The Time Your GP Tries to Dissuade You from Getting Your Tubes Tied

by | Feb 7, 2022 | CNF, Issue Twenty Five

“The Time Your GP Tries to Dissuade You from Getting Your Tubes Tied”

By L. Soviero

He calls you darling.

Are you sure that’s what you want, darling?

But more like, daaaaarling.

And he’s not some old timer who’s been flinging darlings since Reagan. Or since comedians told take-my-wife jokes unironically. He might even be your junior? For a second, you wonder if he’s gay, but what’s that say about you? Tolerating pet names solely based on sexuality.

The AC in the window hacks. Sputters. Dribbles a bit. You wind your leather jacket more tightly around you. This is a deterrent perhaps? An attempt at chilling you into submission?

He readies his squinty eyes. While weaponizing them against you, he chews a pen cap.
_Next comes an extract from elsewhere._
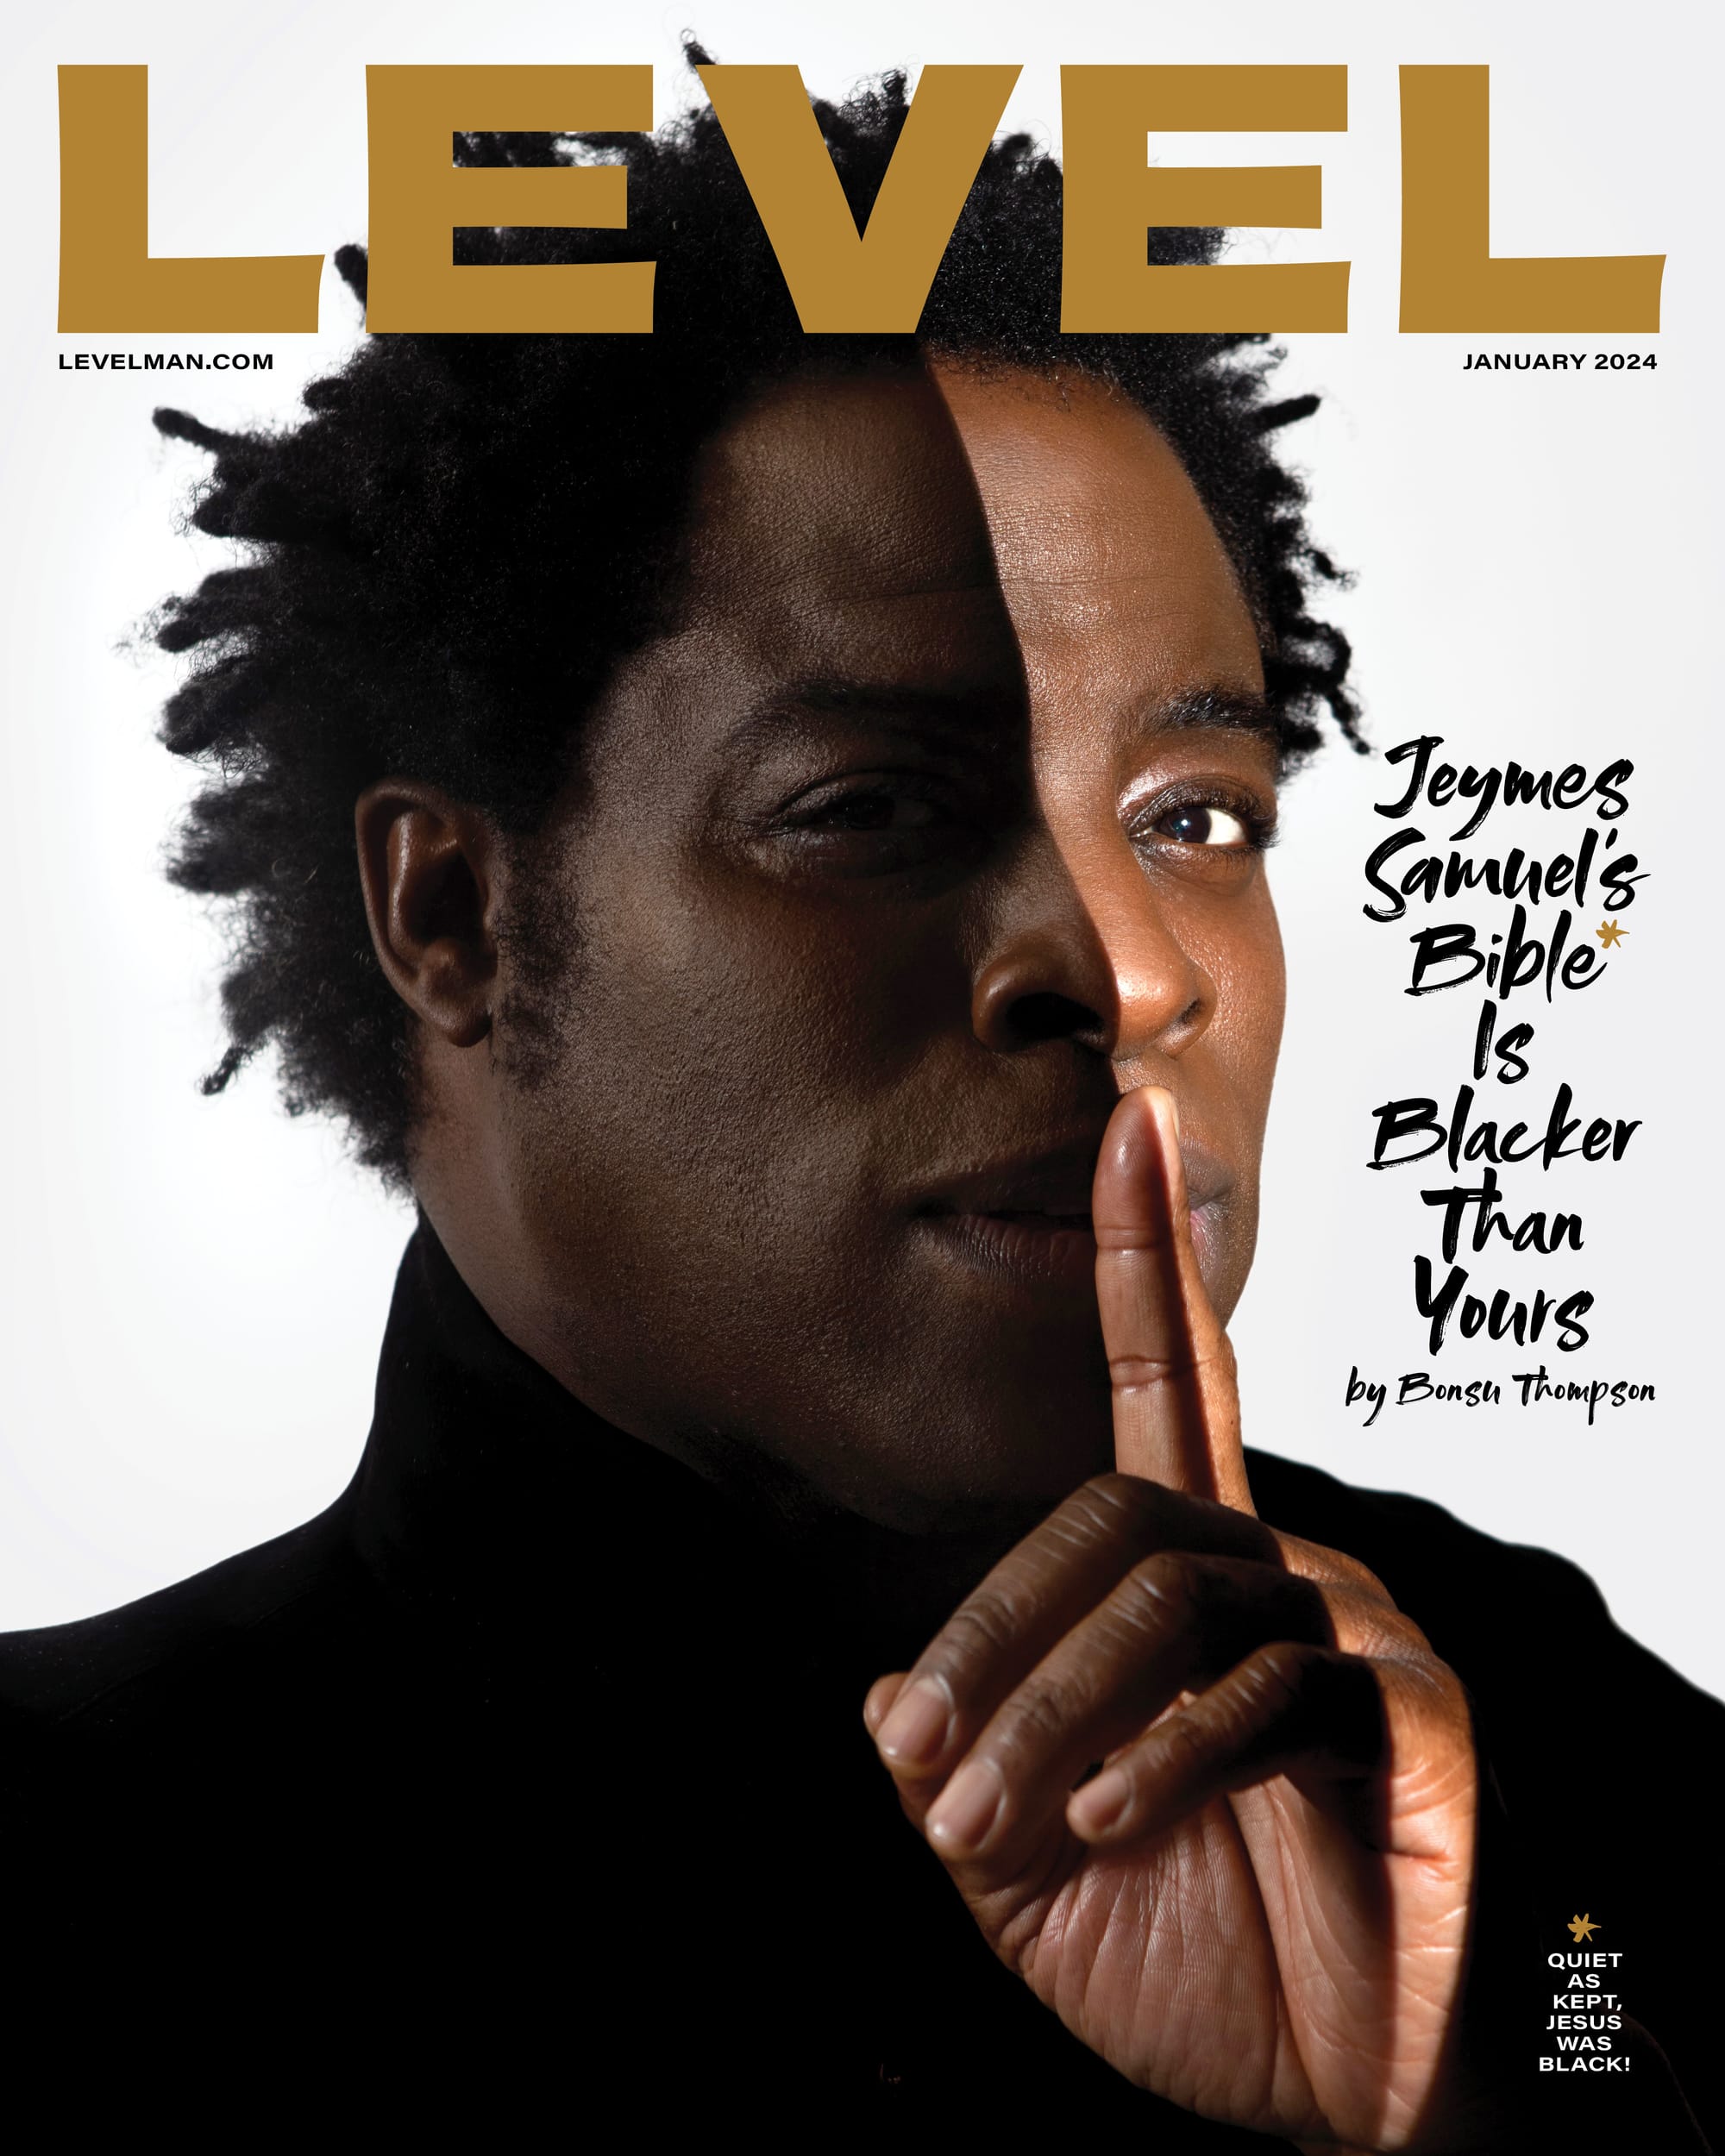 Photo of Jeymes Samuel on the January 2024 cover of LEVEL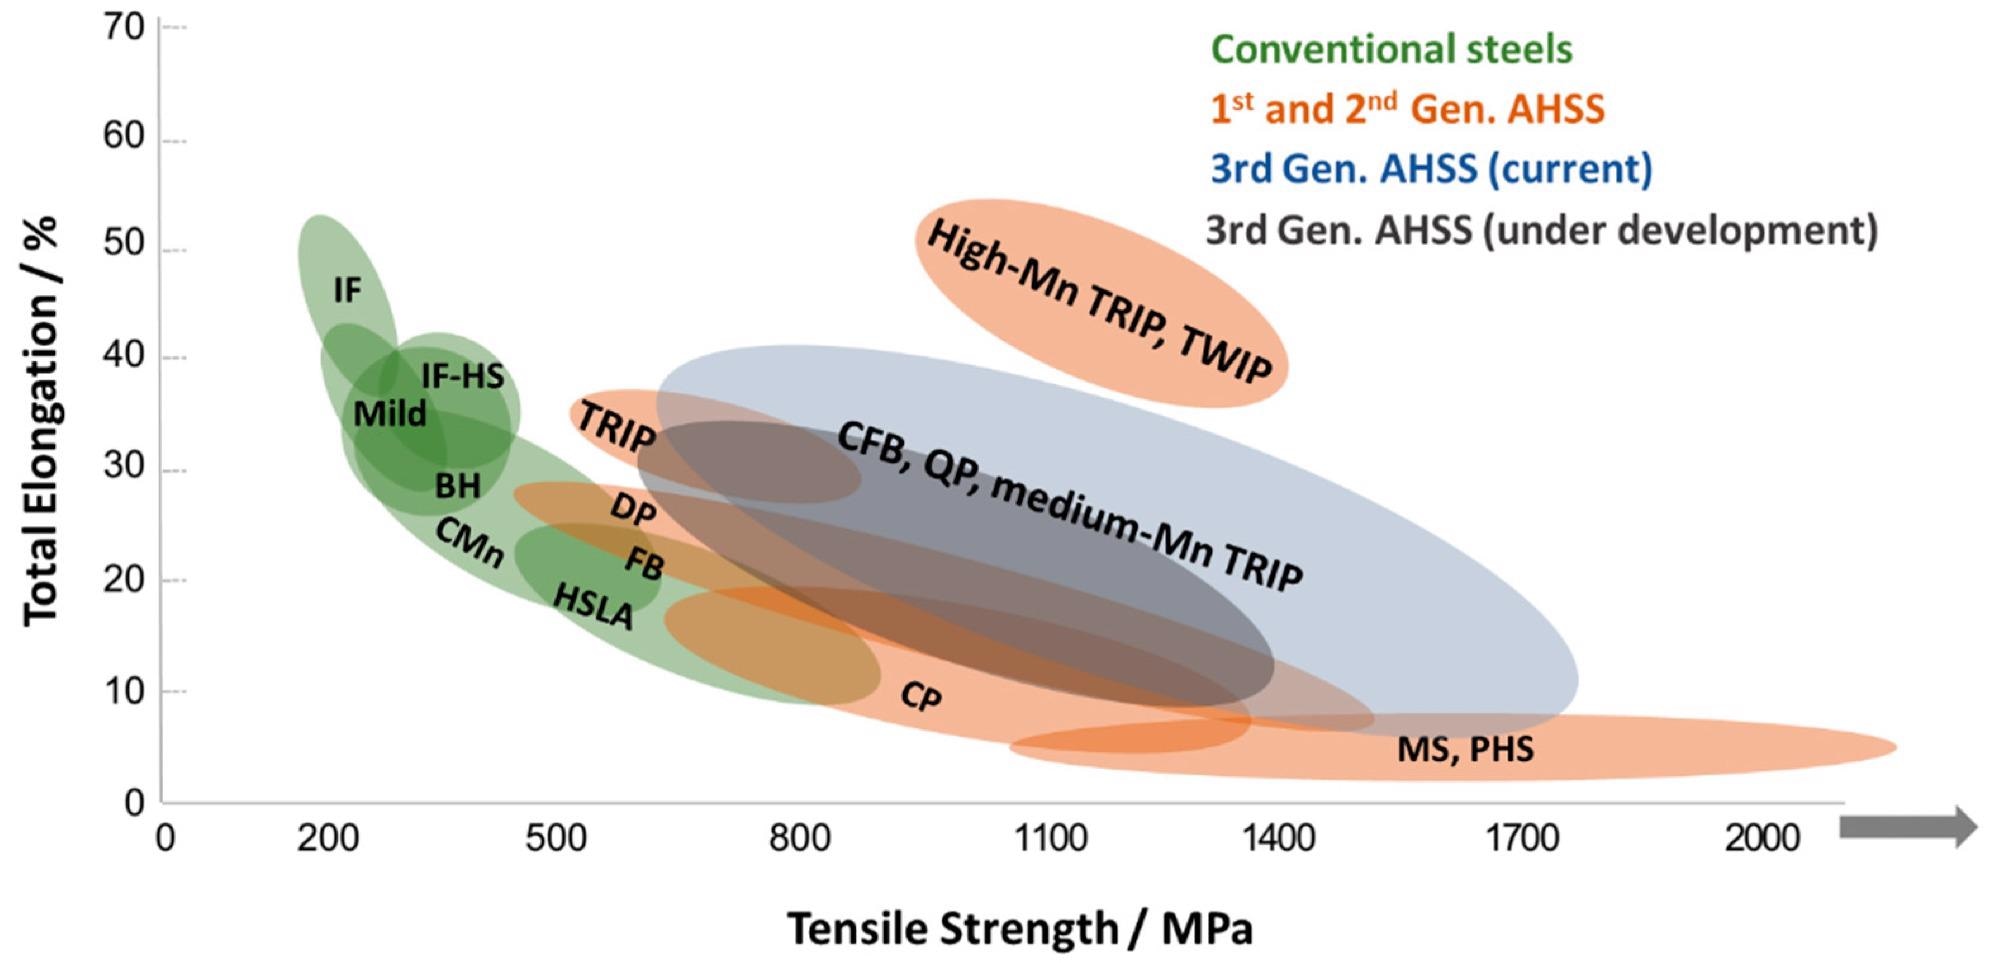 Figure 2 Mechanical performance of conventional steels and AHSS, adapted from [35,36,37].

This feels off, as in doctors should know better than to stick bacteria-doused implements in their mouths.

He asks if you’ve considered other routes.

You say yes but speak straight: I’ve never wanted kids.

Still, he writes IUD in block letters on the back of a blank prescription as though putting it in writing somehow makes it more palatable. Somewhere between slow motion and real time, he leans over and hands it to you. It rests in the bowl of your palm pointless, a top hat on a dog. Except not cute.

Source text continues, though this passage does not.